Supplied material Block Start
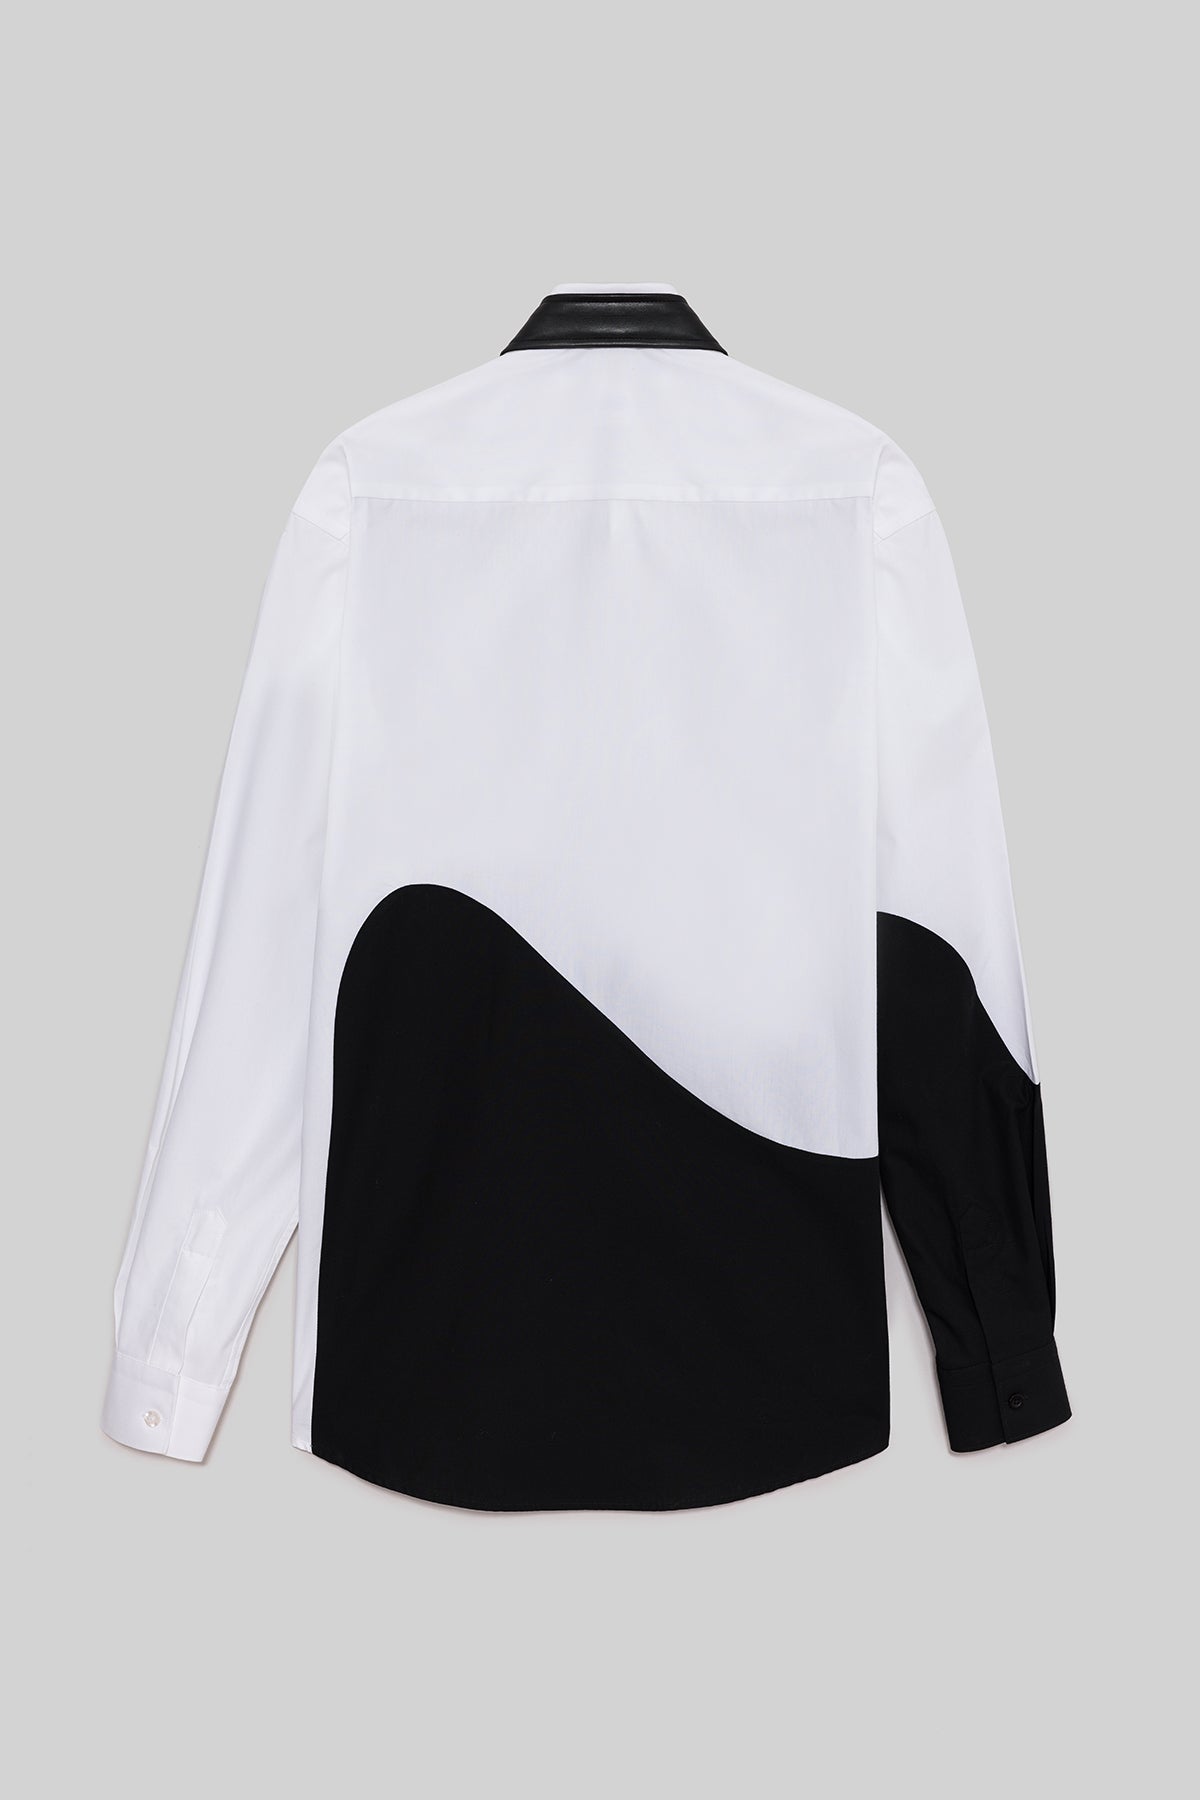 Noir Et Blanc Shirt
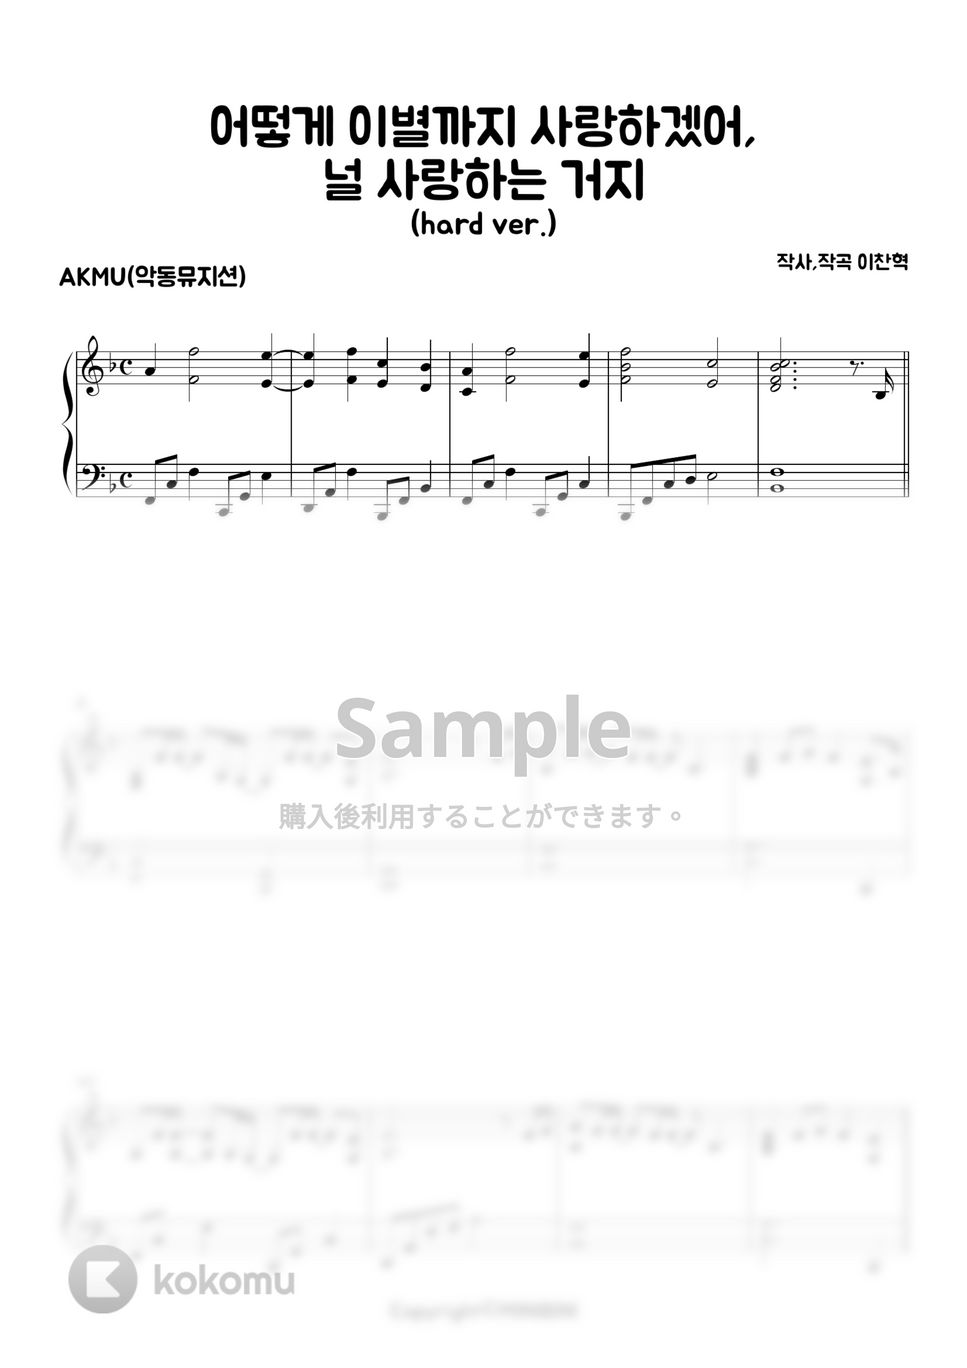 AKMU(悪童ミュージシャン) - How I can love the heartbreak (Hard ver.) by MINIBINI
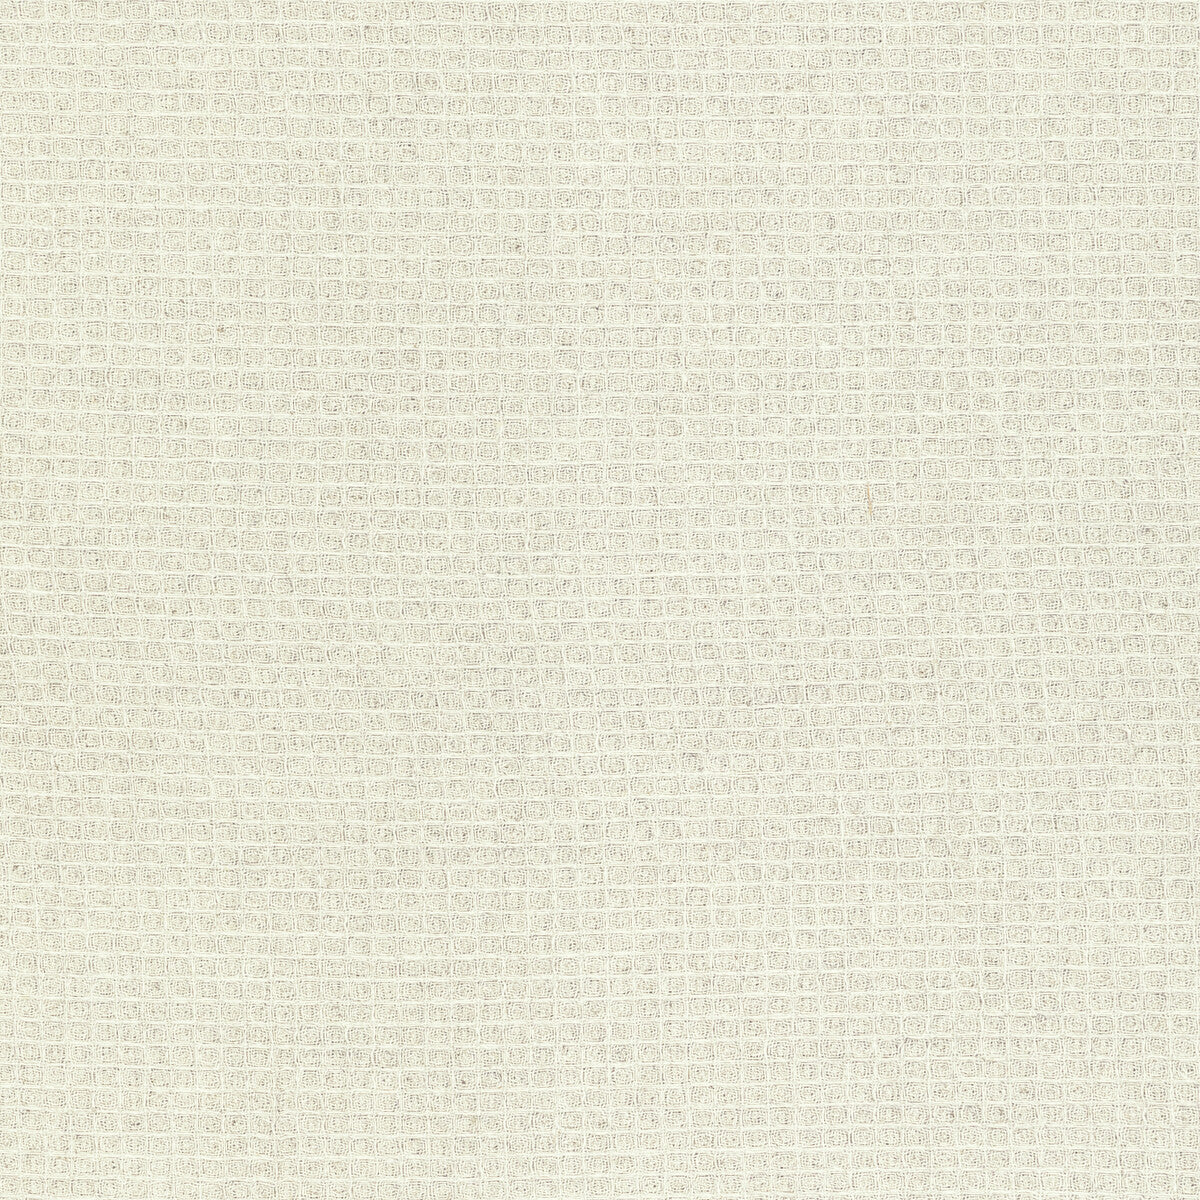 Kravet Basics fabric in 4807-1 color - pattern 4807.1.0 - by Kravet Basics in the Gis collection
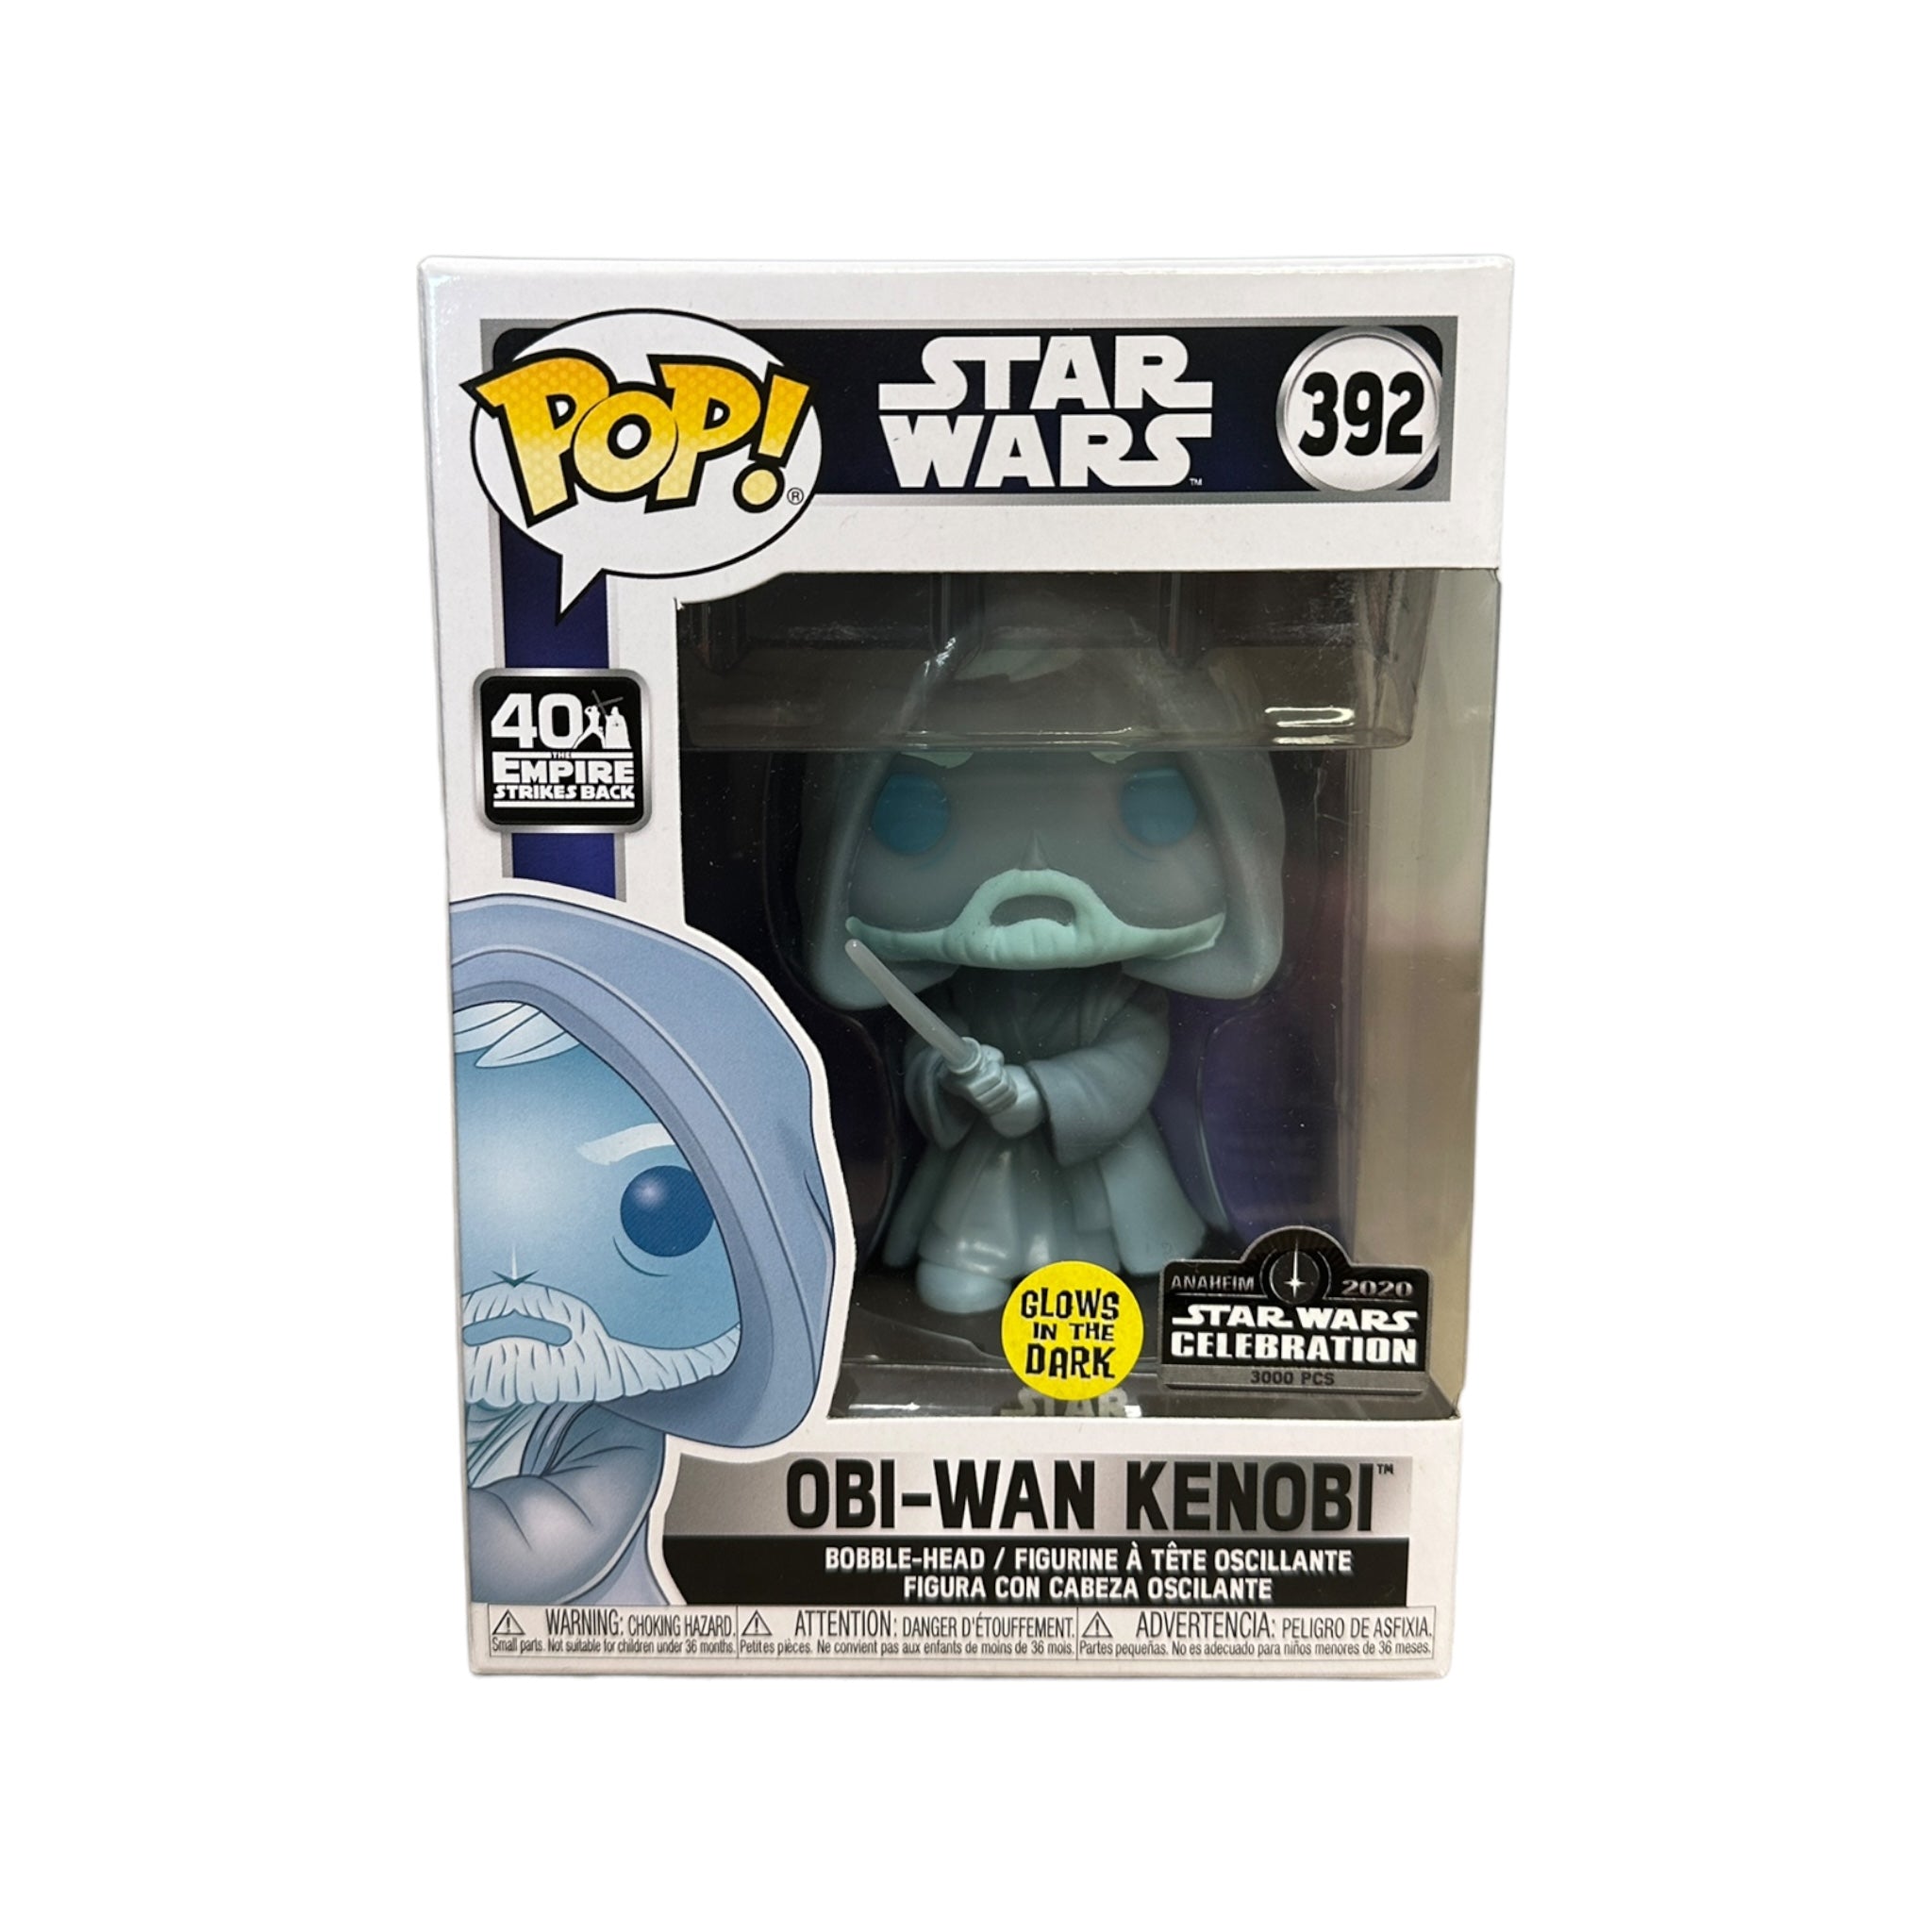 Obi-Wan Kenobi #392 (Glows in the Dark) - Star Wars: The Empire Strikes Back 40th Anniversary - ASWC 2020 Exclusive LE3000 Pcs - Condition 9/10
Supplied material Block End
◆ Activity
Start at the first line and set down all of the data exactly, passing over the pictures.

◆ The answer
 Noir Et Blanc Shirt
 AKMU(悪童ミュージシャン) - How I can love the heartbreak (Hard ver.) by MINIBINI
 Kravet Basics fabric in 4807-1 color - pattern 4807.1.0 - by Kravet Basics in the Gis collection
 Obi-Wan Kenobi #392 (Glows in the Dark) - Star Wars: The Empire Strikes Back 40th Anniversary - ASWC 2020 Exclusive LE3000 Pcs - Condition 9/10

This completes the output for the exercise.